Byzantine-Robust Optimization under $(L_0, L_1)$-Smoothness
Arman Bolatov , Samuel Horváth , Martin Takáč , Eduard Gorbunov
Published on arXiv
2603.12512
Data Poisoning Attack
OWASP ML Top 10 — ML02
Key Finding
Achieves O(K^{-1/4}) convergence rate under Byzantine attacks while maintaining robustness across various attack strategies (Bit Flipping, Label Flipping, Mimic, ALIE)
Byz-NSGDM
Novel technique introduced
We consider distributed optimization under Byzantine attacks in the presence of $(L_0,L_1)$-smoothness, a generalization of standard $L$-smoothness that captures functions with state-dependent gradient Lipschitz constants. We propose Byz-NSGDM, a normalized stochastic gradient descent method with momentum that achieves robustness against Byzantine workers while maintaining convergence guarantees. Our algorithm combines momentum normalization with Byzantine-robust aggregation enhanced by Nearest Neighbor Mixing (NNM) to handle both the challenges posed by $(L_0,L_1)$-smoothness and Byzantine adversaries. We prove that Byz-NSGDM achieves a convergence rate of $O(K^{-1/4})$ up to a Byzantine bias floor proportional to the robustness coefficient and gradient heterogeneity. Experimental validation on heterogeneous MNIST classification, synthetic $(L_0,L_1)$-smooth optimization, and character-level language modeling with a small GPT model demonstrates the effectiveness of our approach against various Byzantine attack strategies.

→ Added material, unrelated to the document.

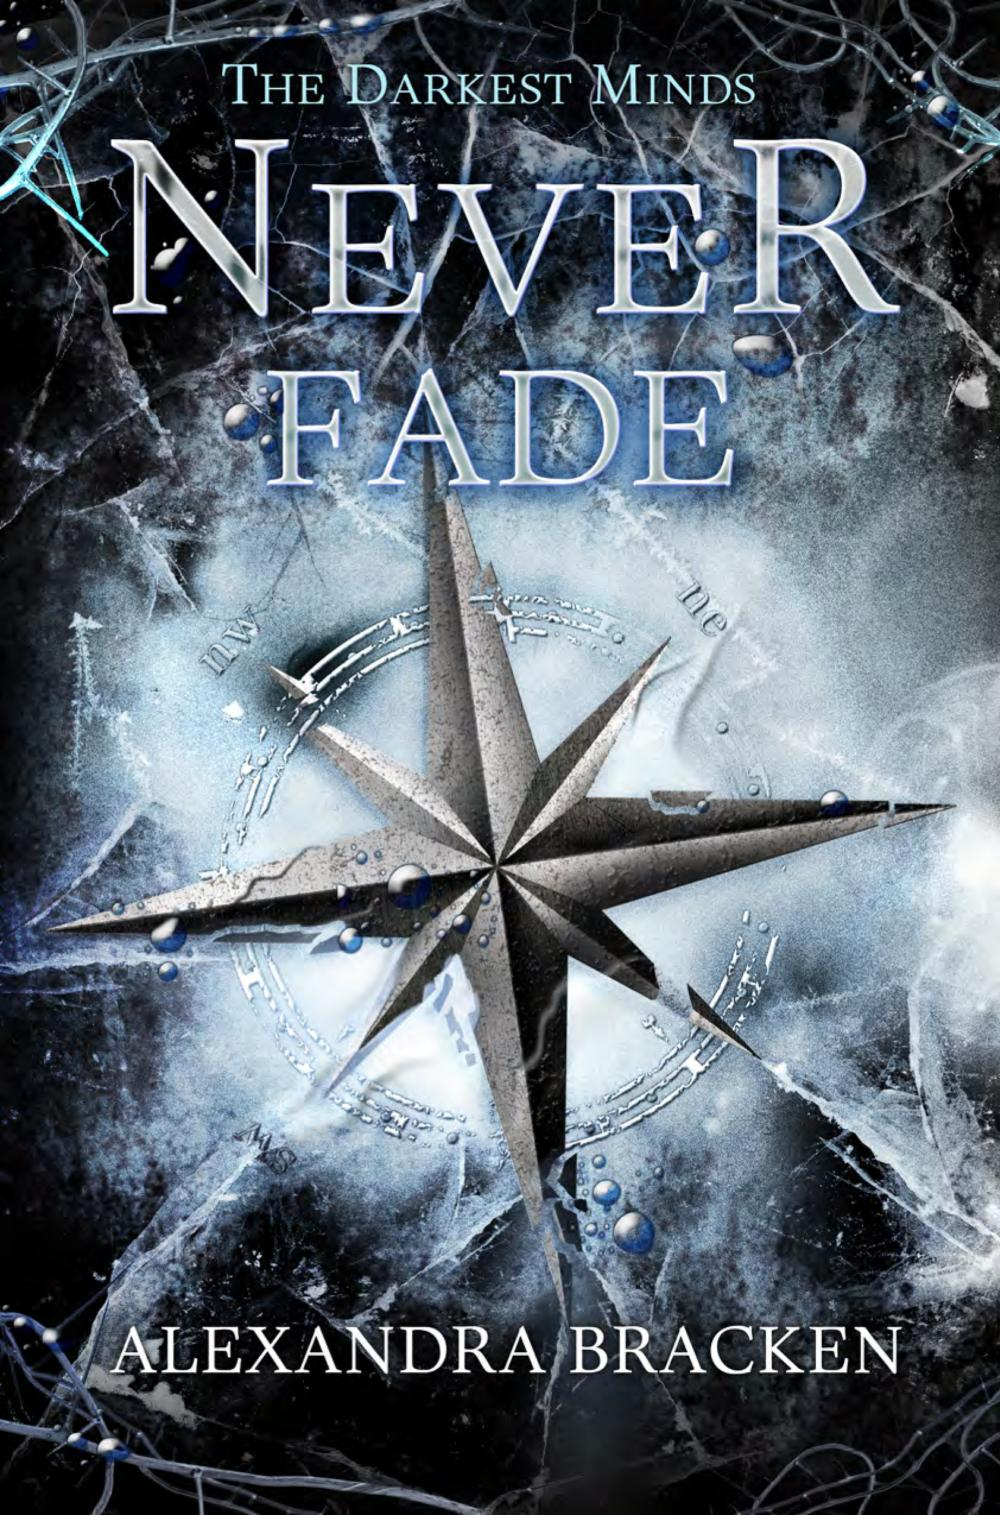 Never Fade by Alexandra Bracken (Darkest Minds #2, Audio)  Amazon  |  Goodreads
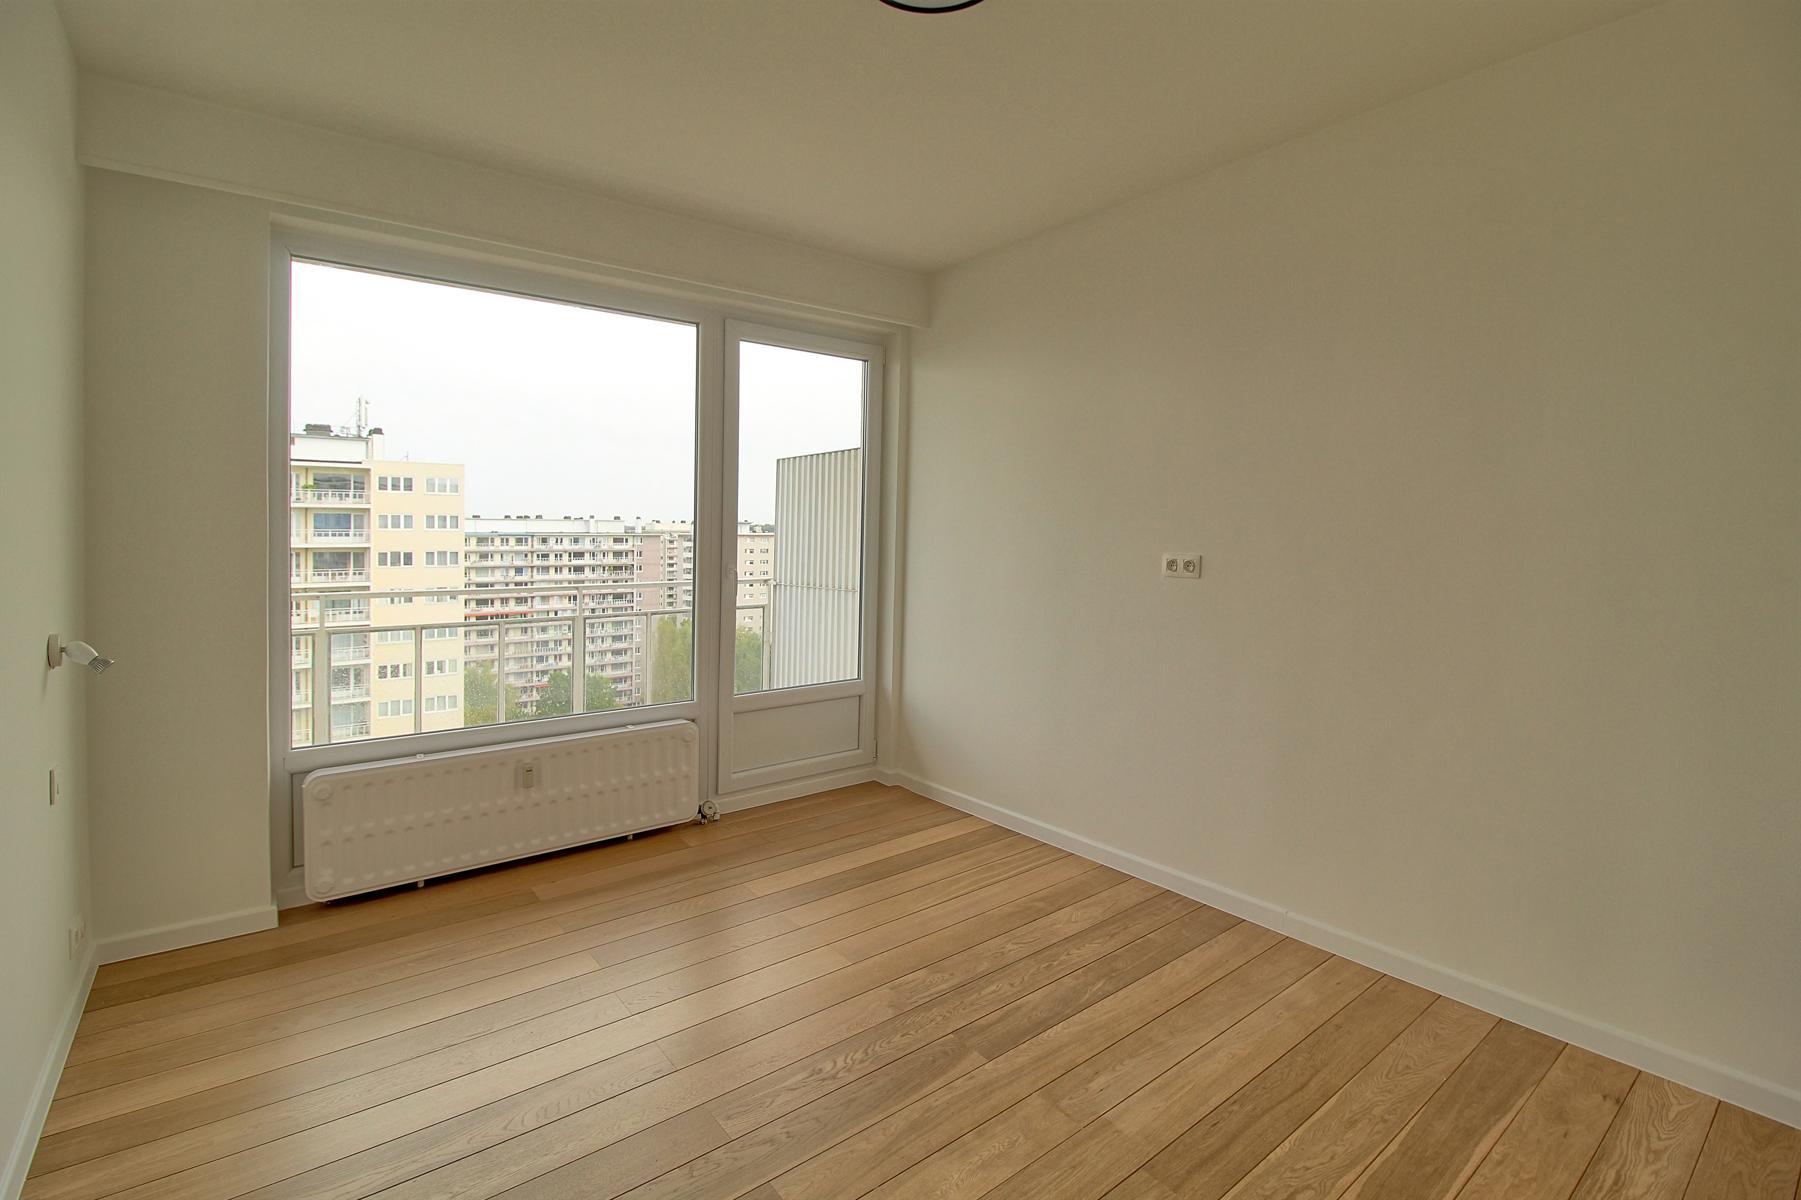 Appartement - Auderghem - #4530902-2

An ablation study further shows that Byz-NSGDM is robust across a wide range of momentum and learning rate choices.
Key Contributions
- First Byzantine-robust optimization algorithm designed for (L0,L1)-smooth functions combining normalized momentum with robust aggregation
- Theoretical convergence rate of O(K^{-1/4}) under Byzantine attacks with explicit dependence on robustness coefficient and gradient heterogeneity
- Empirical validation across MNIST, synthetic optimization, and GPT language modeling against multiple Byzantine attack strategies
🛡️ Threat Analysis
Defends against Byzantine attacks in federated learning where malicious workers send arbitrary or corrupted gradient updates to degrade global model performance — this is data poisoning via gradient manipulation at training time.